● **ASSIGNED TASK**
Return the line that has "Doves Couple with" and all lines below it through the last, exactly as they stand; omit pictures.

● **SOURCE MATERIAL**
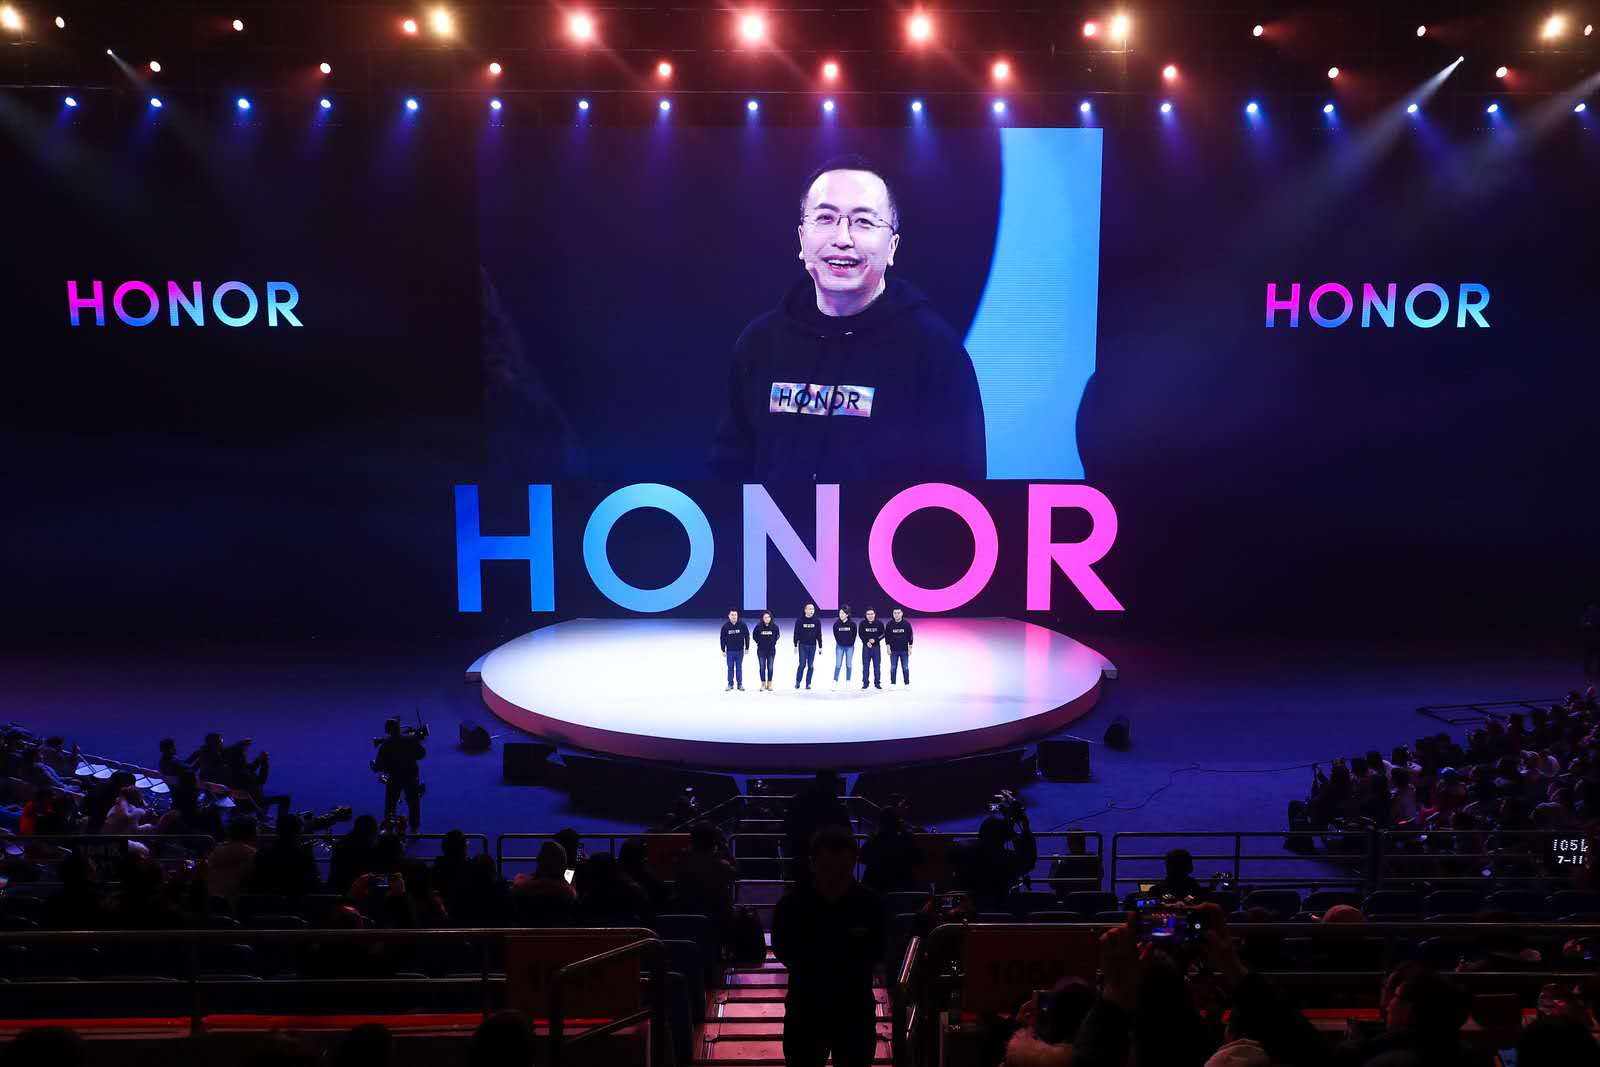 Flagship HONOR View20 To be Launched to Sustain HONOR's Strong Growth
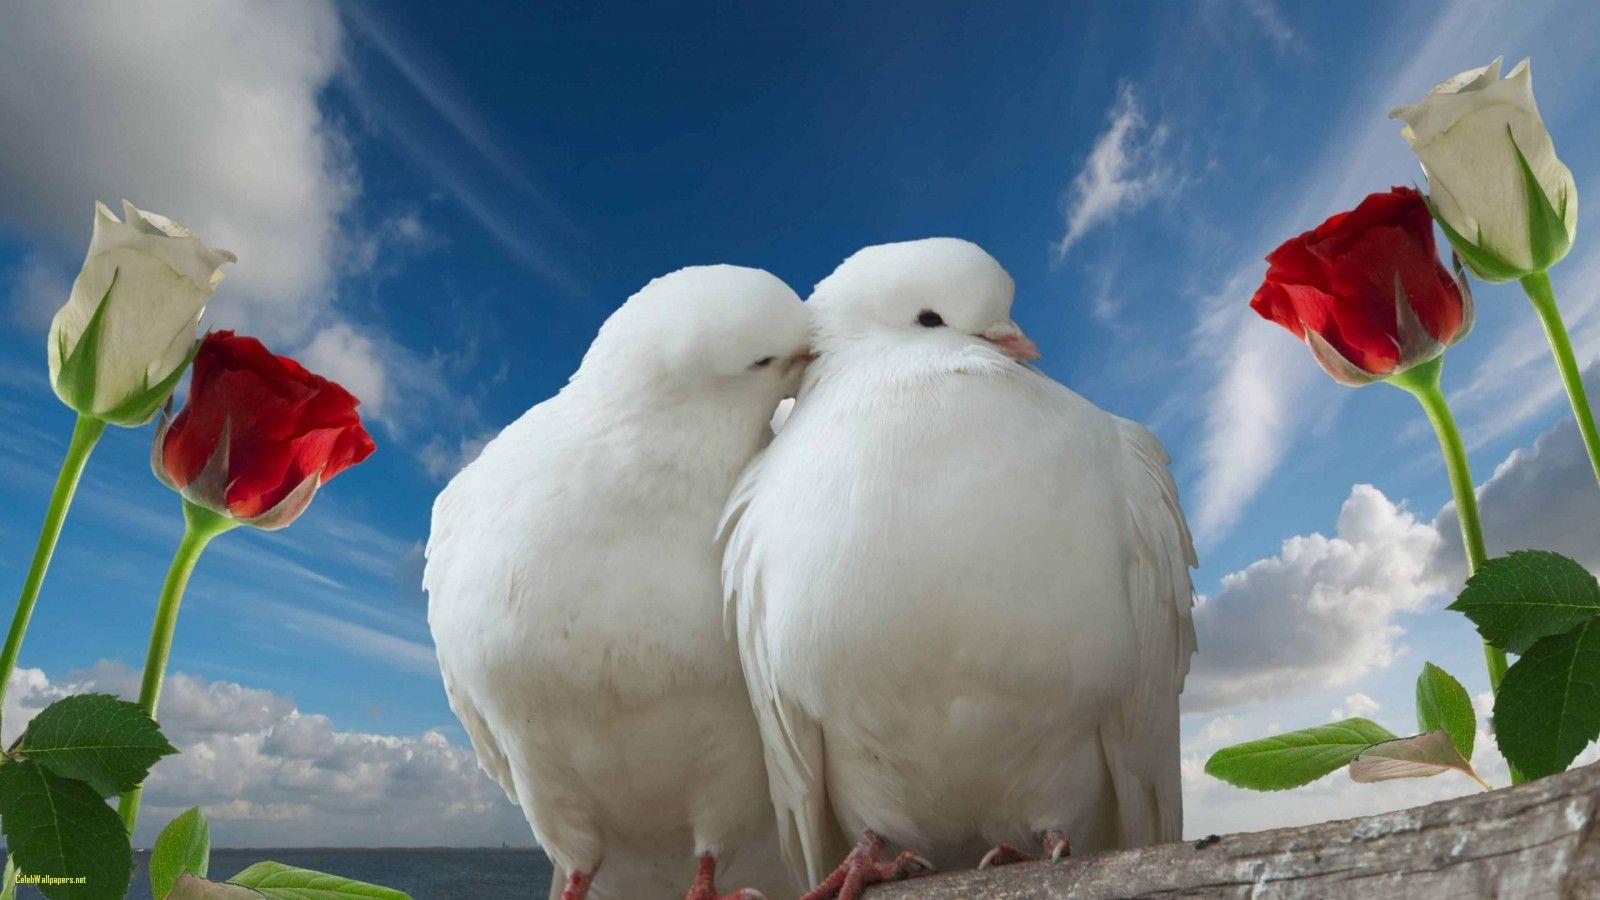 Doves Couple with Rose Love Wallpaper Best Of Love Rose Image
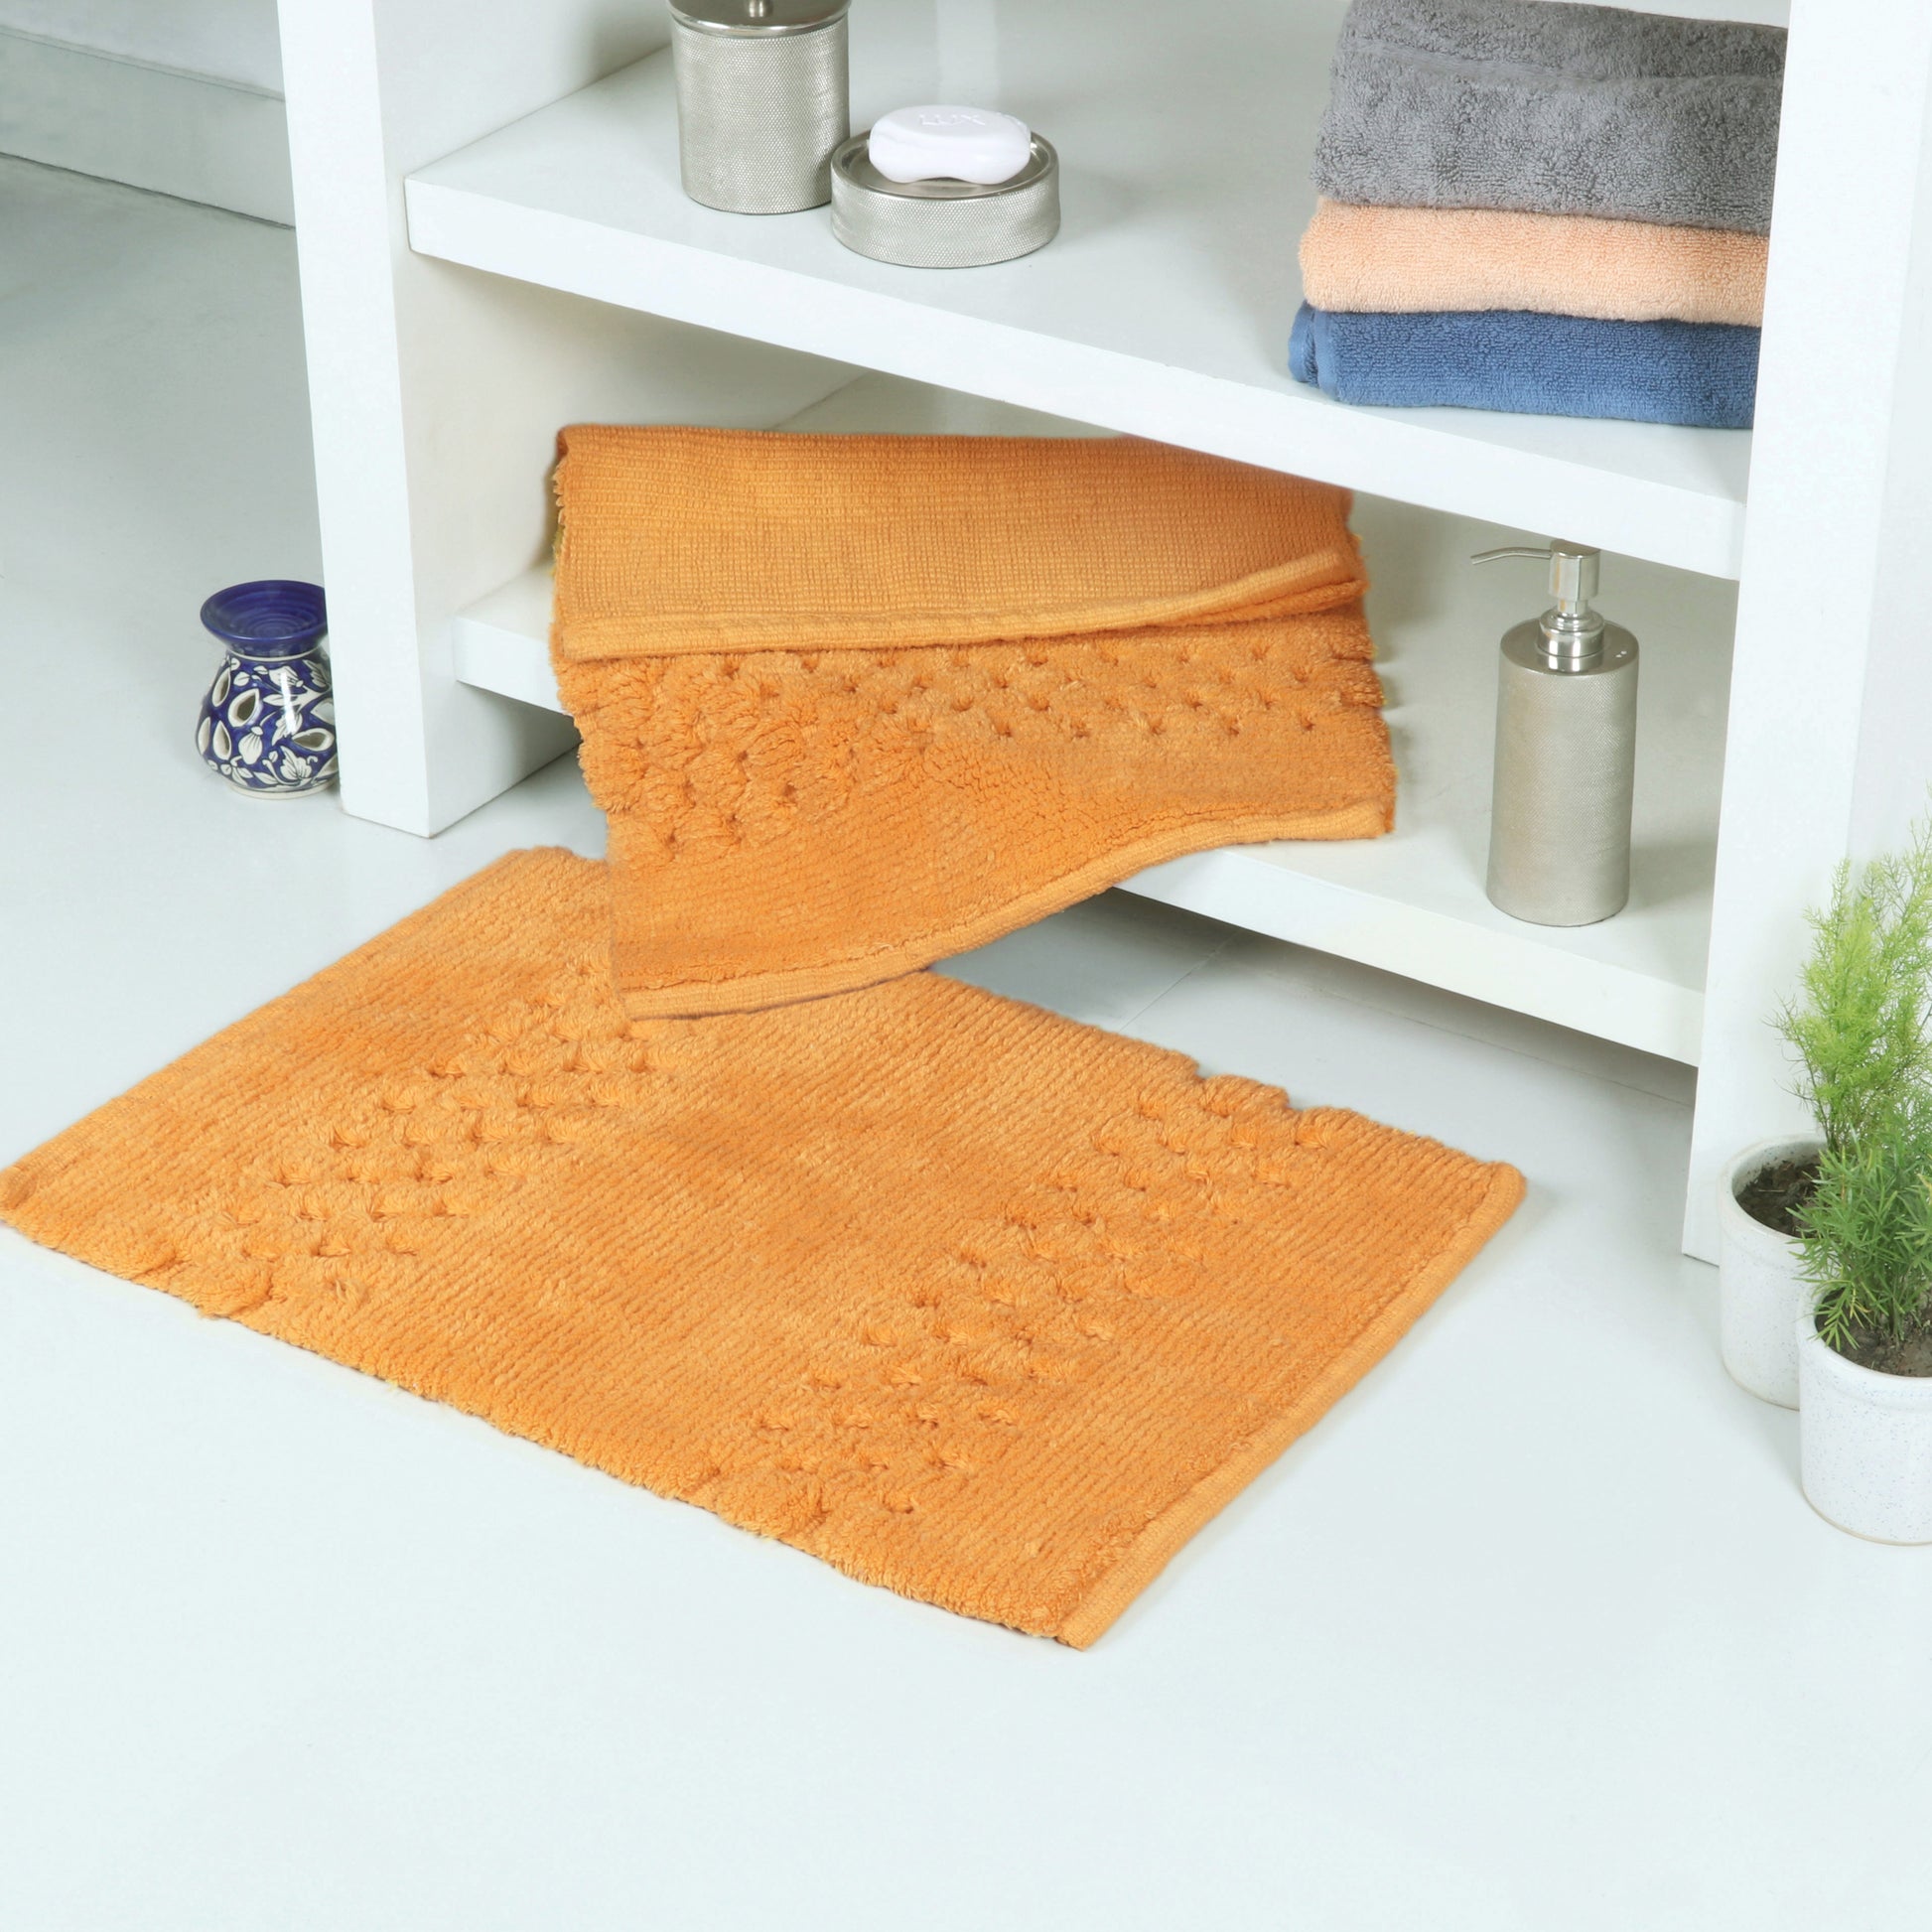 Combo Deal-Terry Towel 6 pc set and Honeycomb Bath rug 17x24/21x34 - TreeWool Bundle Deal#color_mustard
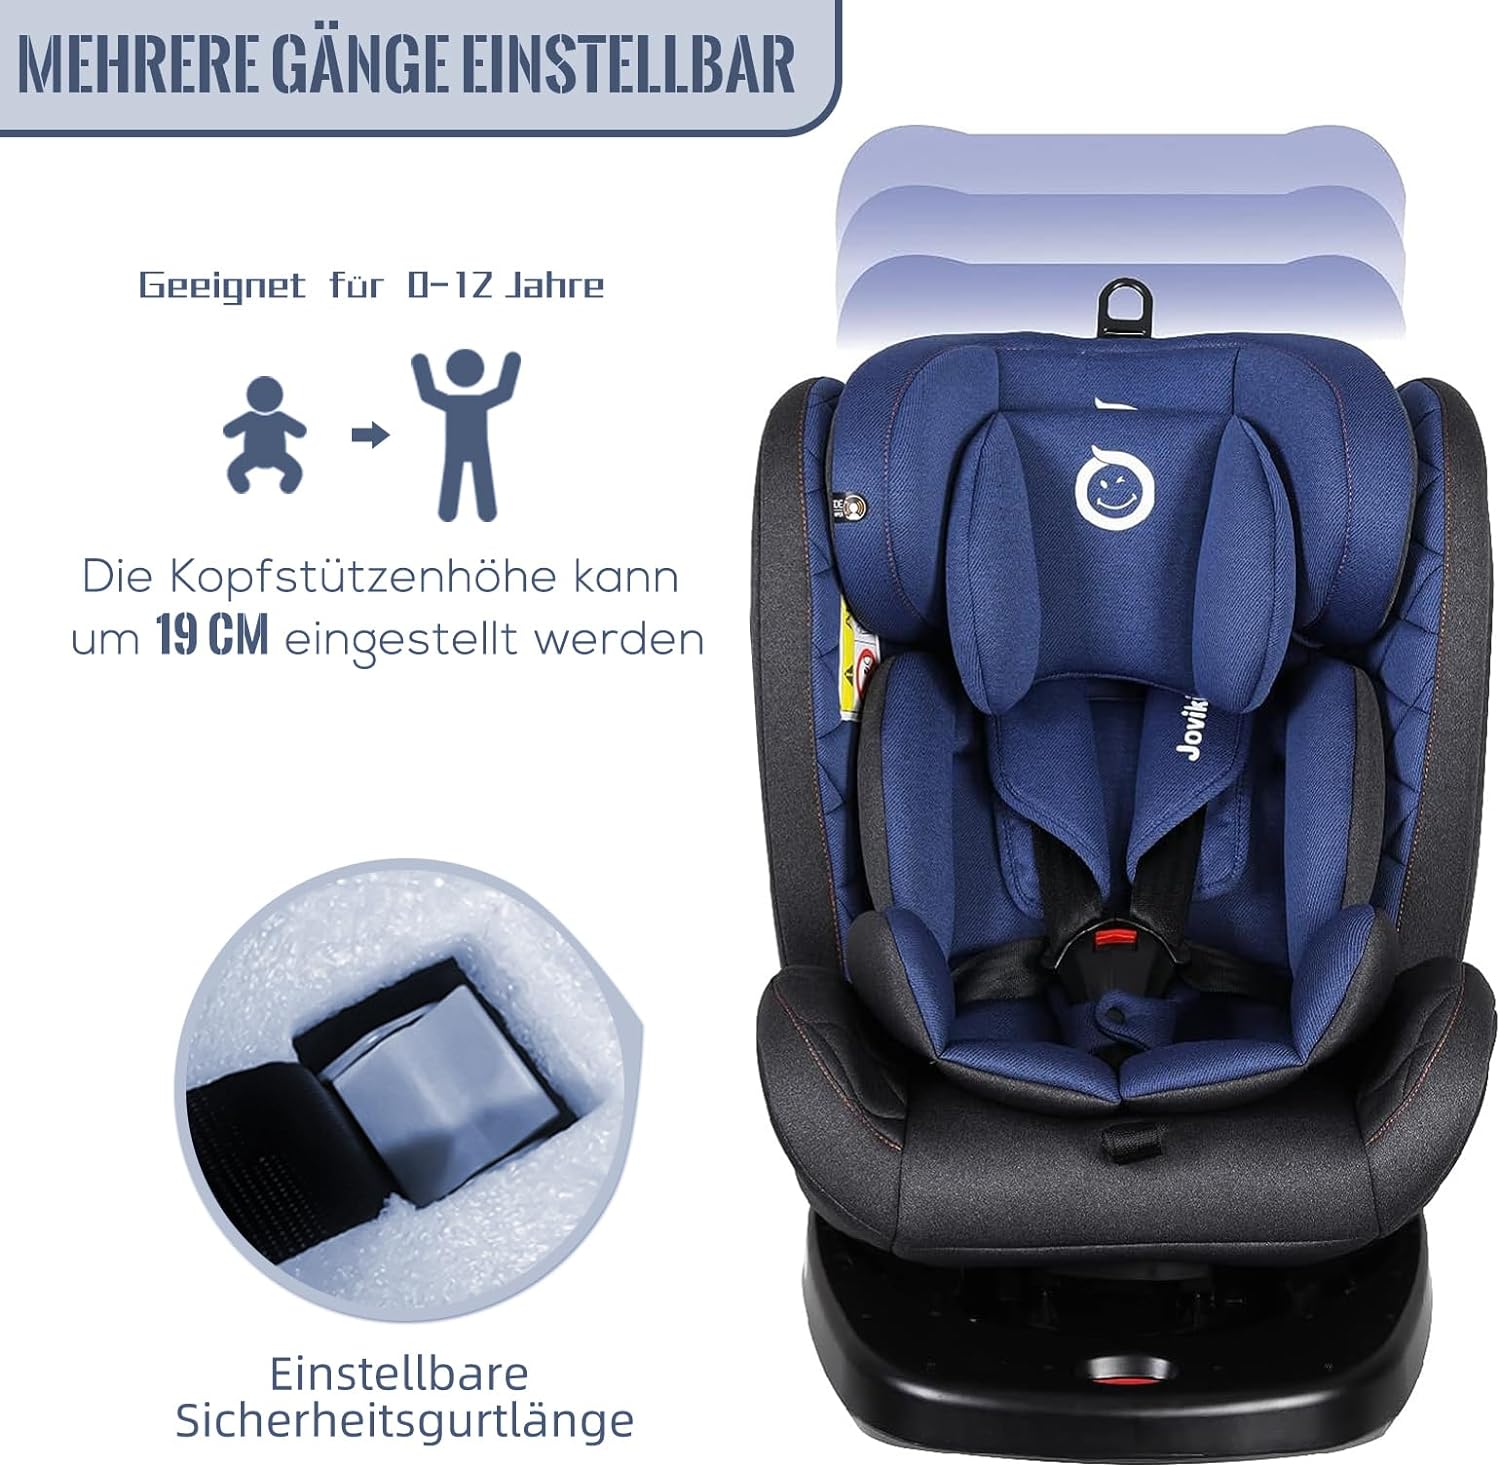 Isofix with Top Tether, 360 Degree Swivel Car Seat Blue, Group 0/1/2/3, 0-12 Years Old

● **RESULT FOR THIS TASK**
 Doves Couple with Rose Love Wallpaper Best Of Love Rose Image
 Combo Deal-Terry Towel 6 pc set and Honeycomb Bath rug 17x24/21x34 - TreeWool Bundle Deal#color_mustard
 Isofix with Top Tether, 360 Degree Swivel Car Seat Blue, Group 0/1/2/3, 0-12 Years Old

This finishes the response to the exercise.